Her subsequent books include The Nutrition Debate (1986), Chicken Little, Tomato Sauce and Agriculture (1991), and This Organic Life: Confessions of a Suburban Homesteader (2001), the latter based on the lessons learned from transitioning to growing virtually all of her own food at the home she shared with her husband in Piermont, New York; her husband, Alan, died while she was writing the book. Her 2010 book, Growing, Older, is as its subtitle suggests, a garden-based collection of “reflections on death, life and vegetables”.

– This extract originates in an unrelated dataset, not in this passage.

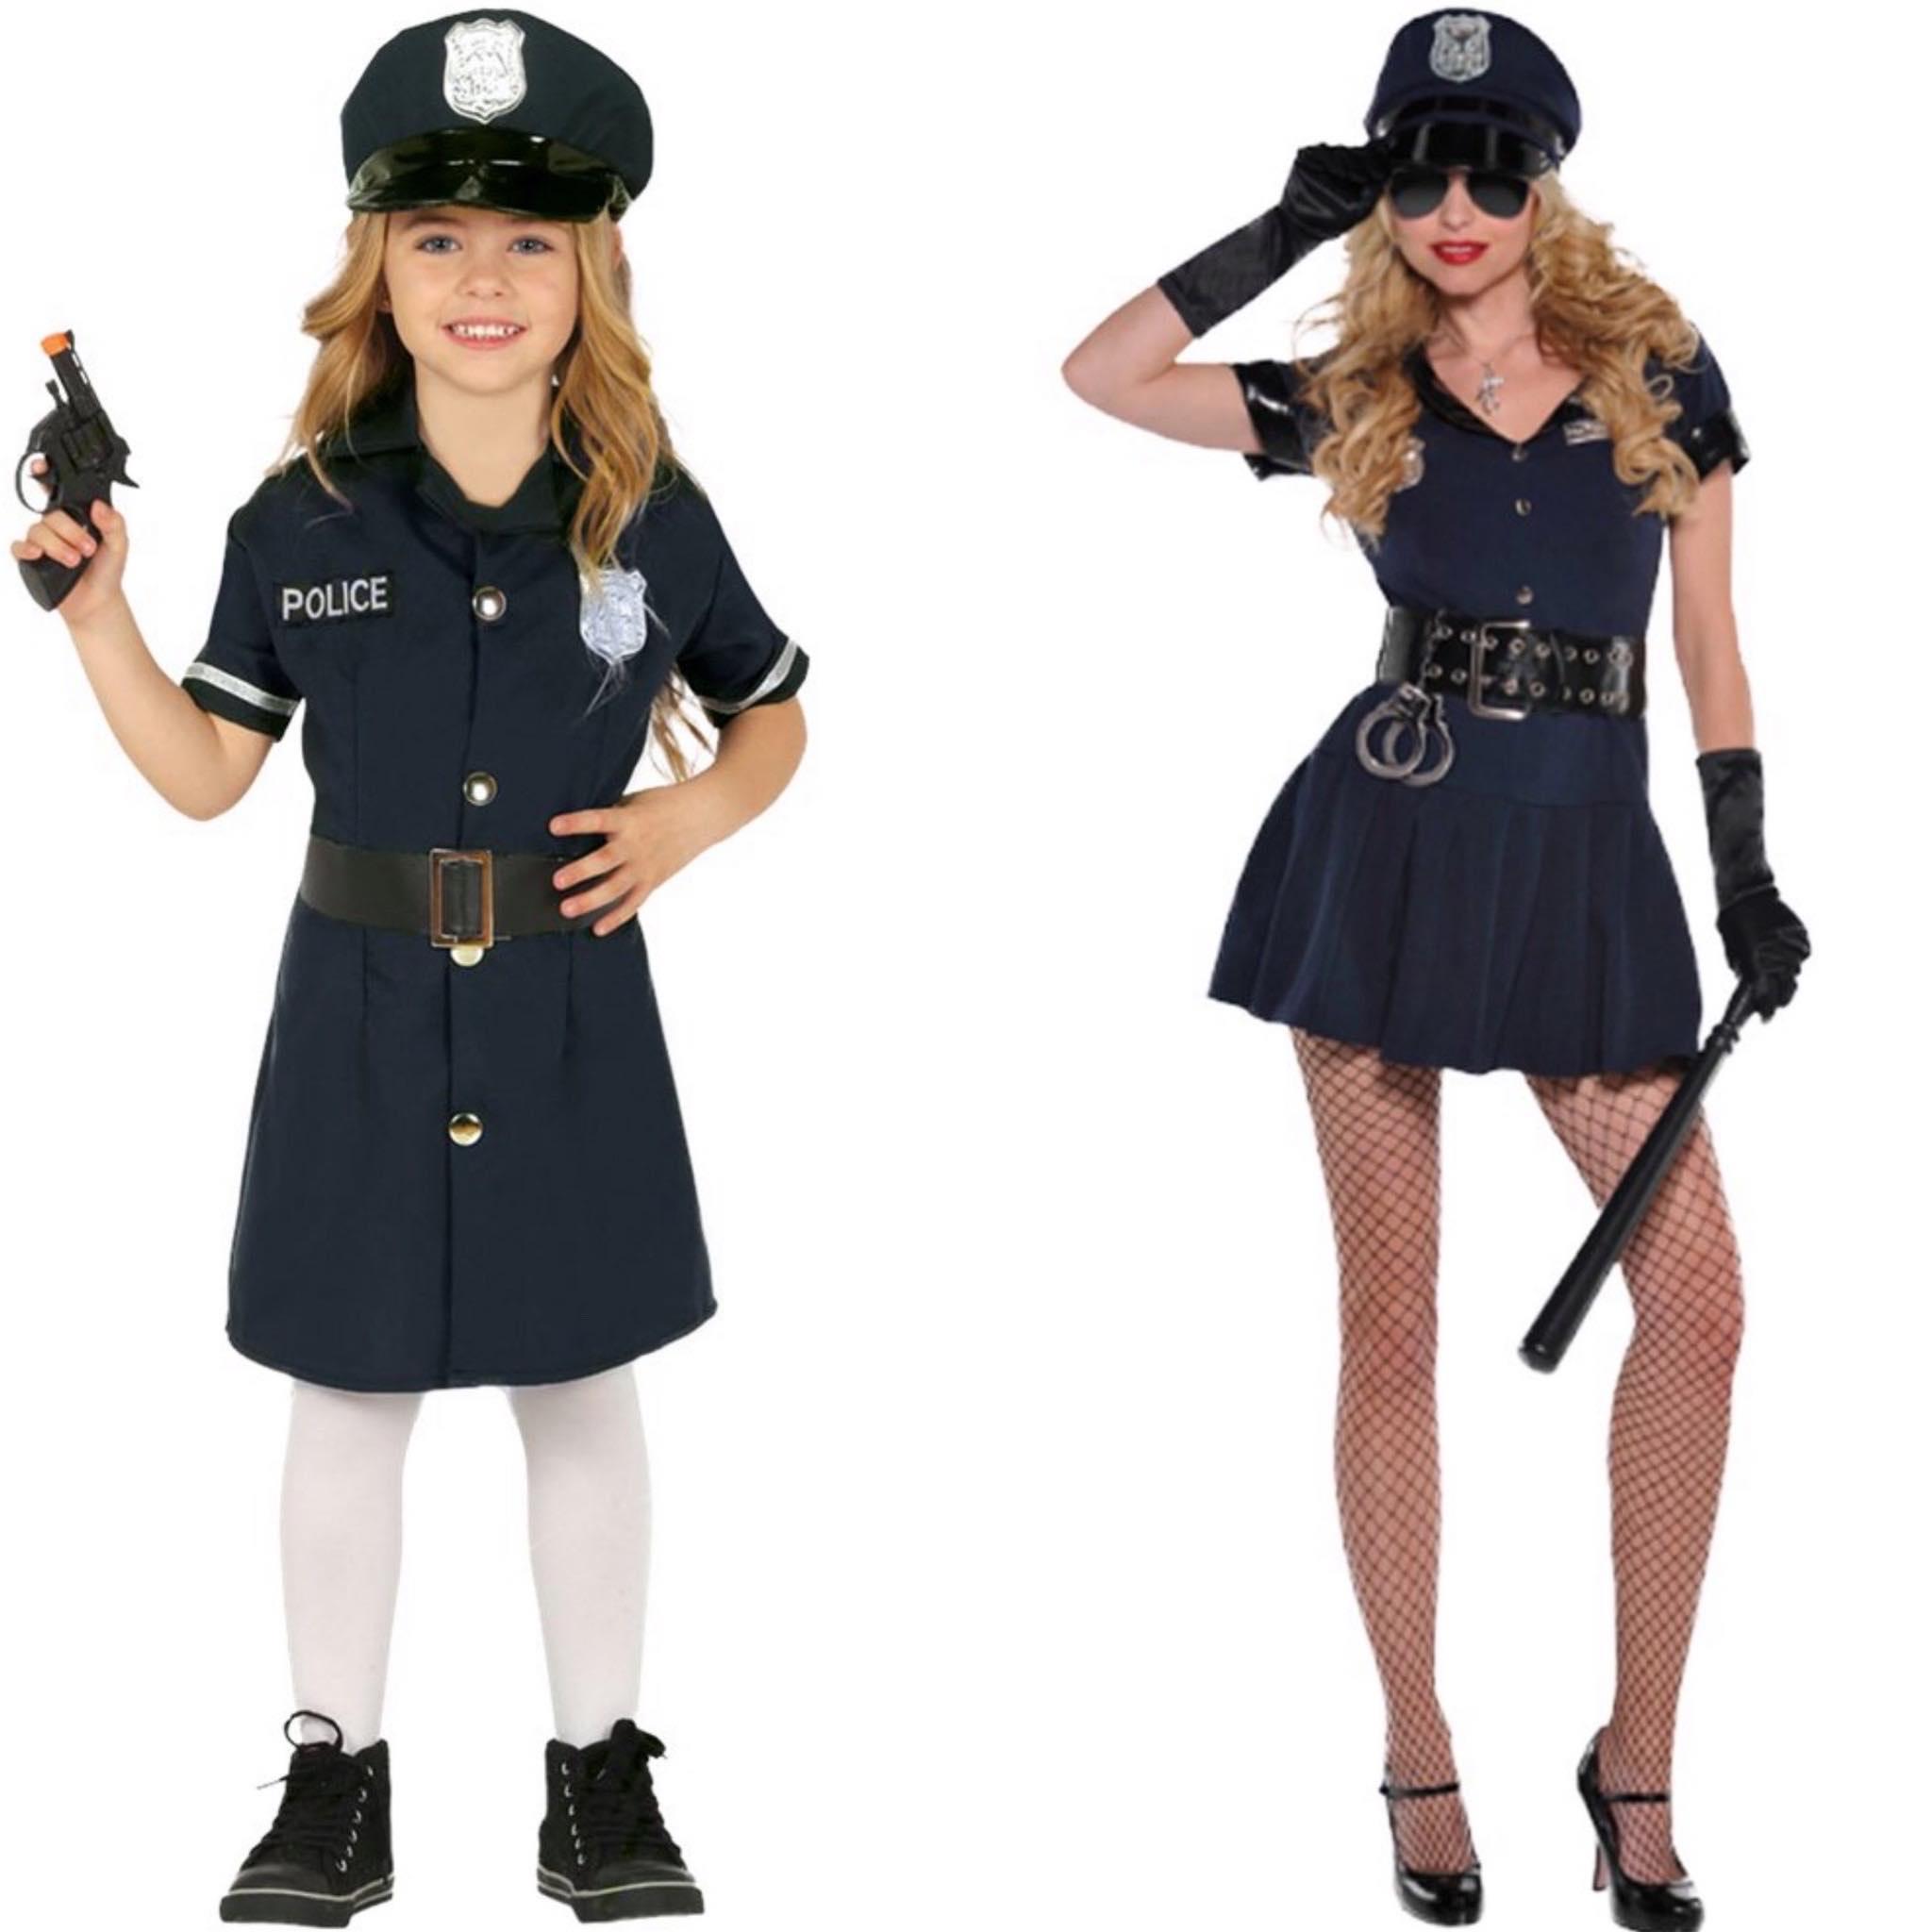 Politie kostuum moeder en dochter
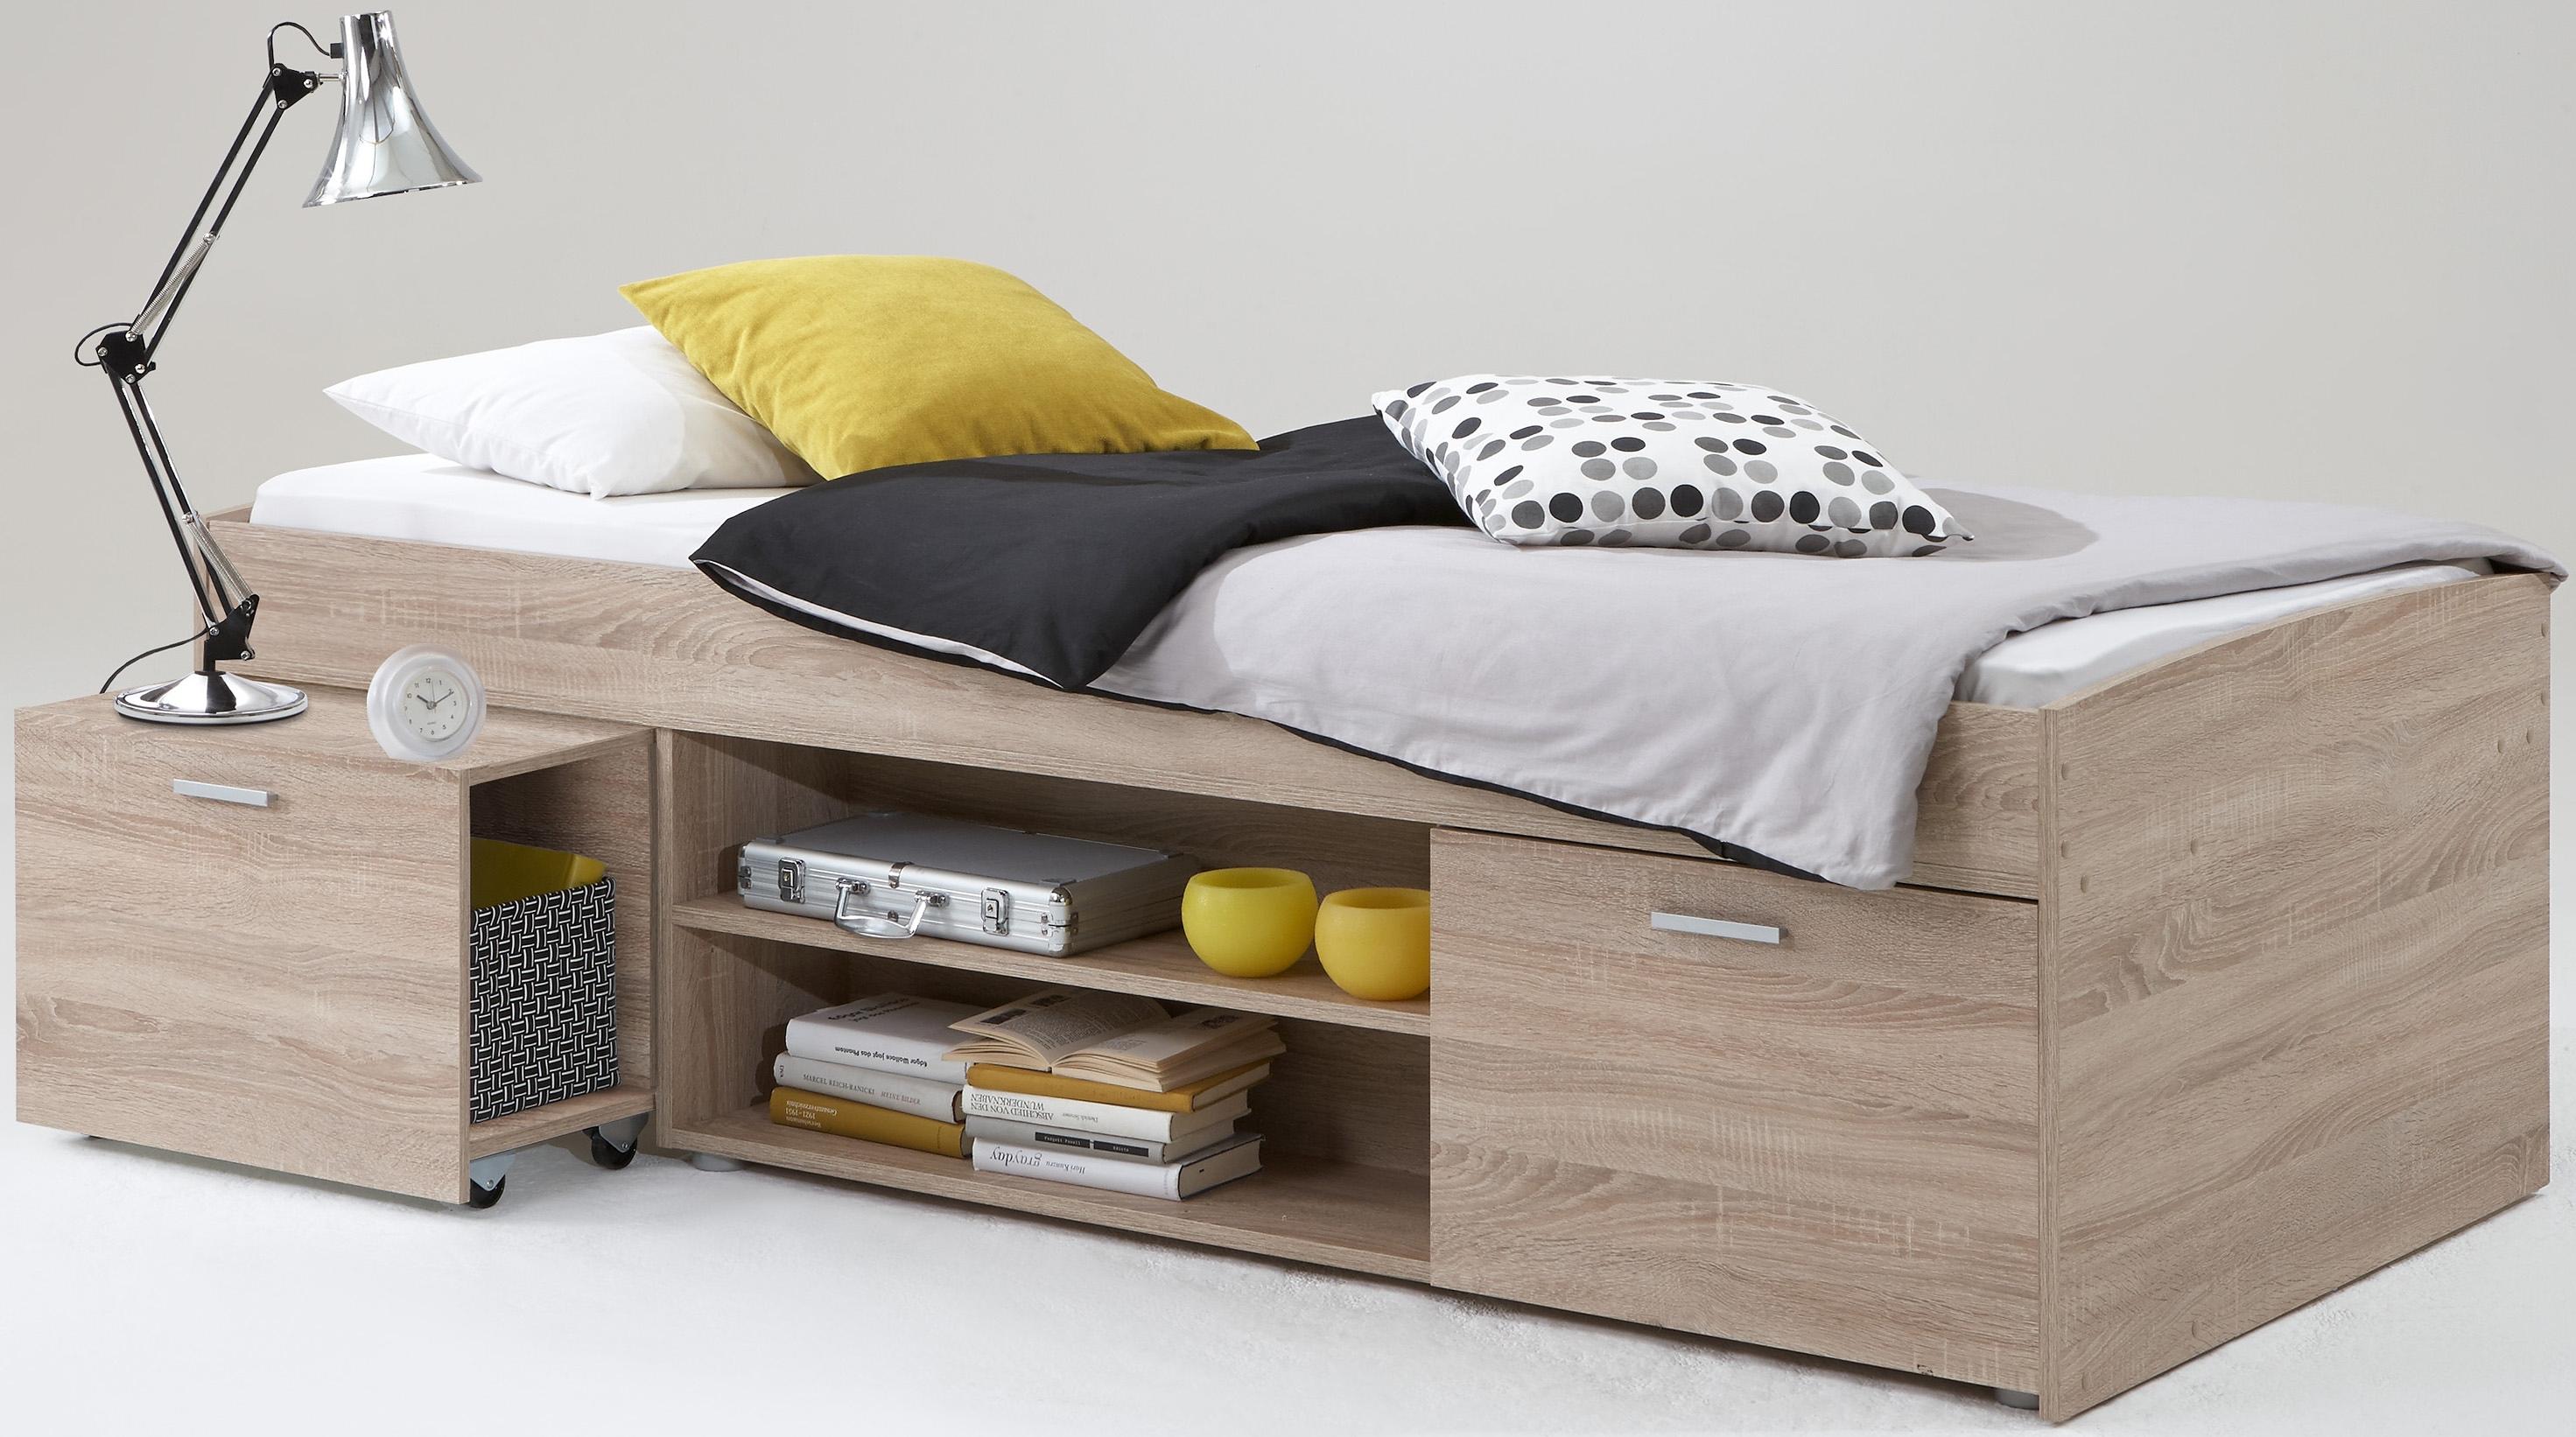 Fmd Functioneel Bed met nachtkastje - verschillende betaalmethodes

In addition to her books, she also produced a variety of articles on food-related topics. Gussow lived, wrote, and grew organic vegetables on the west bank of the Hudson River. She was at work on a new book based on the complete destruction and miraculous resurrection of her beloved garden. Her tentative title: “Starting Over at 81”.

Gussow died at her home in Piermont from congestive heart failure on March 7, 2025, at the age of 96.

== Bibliography ==
=== Books ===
- The Feeding Web: Issues in Nutritional Ecology. Berkley: Bull Pub Co. June 1978. ISBN 978-0915950157.
- The Nutrition Debate: Sorting Out Some Answers. Berkley: Bull Publishing Company. 1986. ISBN 978-0915950669
- Chicken Little, Tomato Sauce and Agriculture: Who Will Produce Tomorrow's Food? Bootstrap Press. 1991. ISBN 978-0942850321
- This Organic Life: Confessions of a Suburban Homesteader. Chelsea Green Publishing. 2002. ISBN 978-1931498241.
- Growing, Older: A Chronicle of Death, Life, and Vegetables. Chelsea Green Publishing. 2010. ISBN 978-1603582926.

=== Essays ===
- Gussow, Joan (May 1980). “Nutrition education in a world of limits.” 50th ANZAAS Congress, Adelaide.
- Gussow, Joan (Summer 1980). "Who Pays the Piper". Teachers College Record.
- Gussow, Joan (November/December 1980). "Some Impractical Thoughts on Television & Nutritional Education.” Food Monitor.
- Gussow, Joan (October/December 1980). “The Science and Politics of Nutrition Education.” Journal of Nutrition Education.
- Gussow, Joan (March 1981). “Growth, Truth, and Responsibility: Food is the Bottom Line”. The Institute of Nutrition of the University of North Carolina.
- Gussow, Joan (May/June 1982). "PCB’s for Breakfast & Other Problems of a Food System Gone Awry". Food Monitor.
- Gussow, Joan (July/August 1983). “Food: Wanting & Needing & Providing.” Food Monitor.
- Gussow, Joan (February 1985). “Women and Food.” Country Journal.
- Gussow, Joan (June 29, 2009). "The Many Wonders of Plants". Ecoliteracy.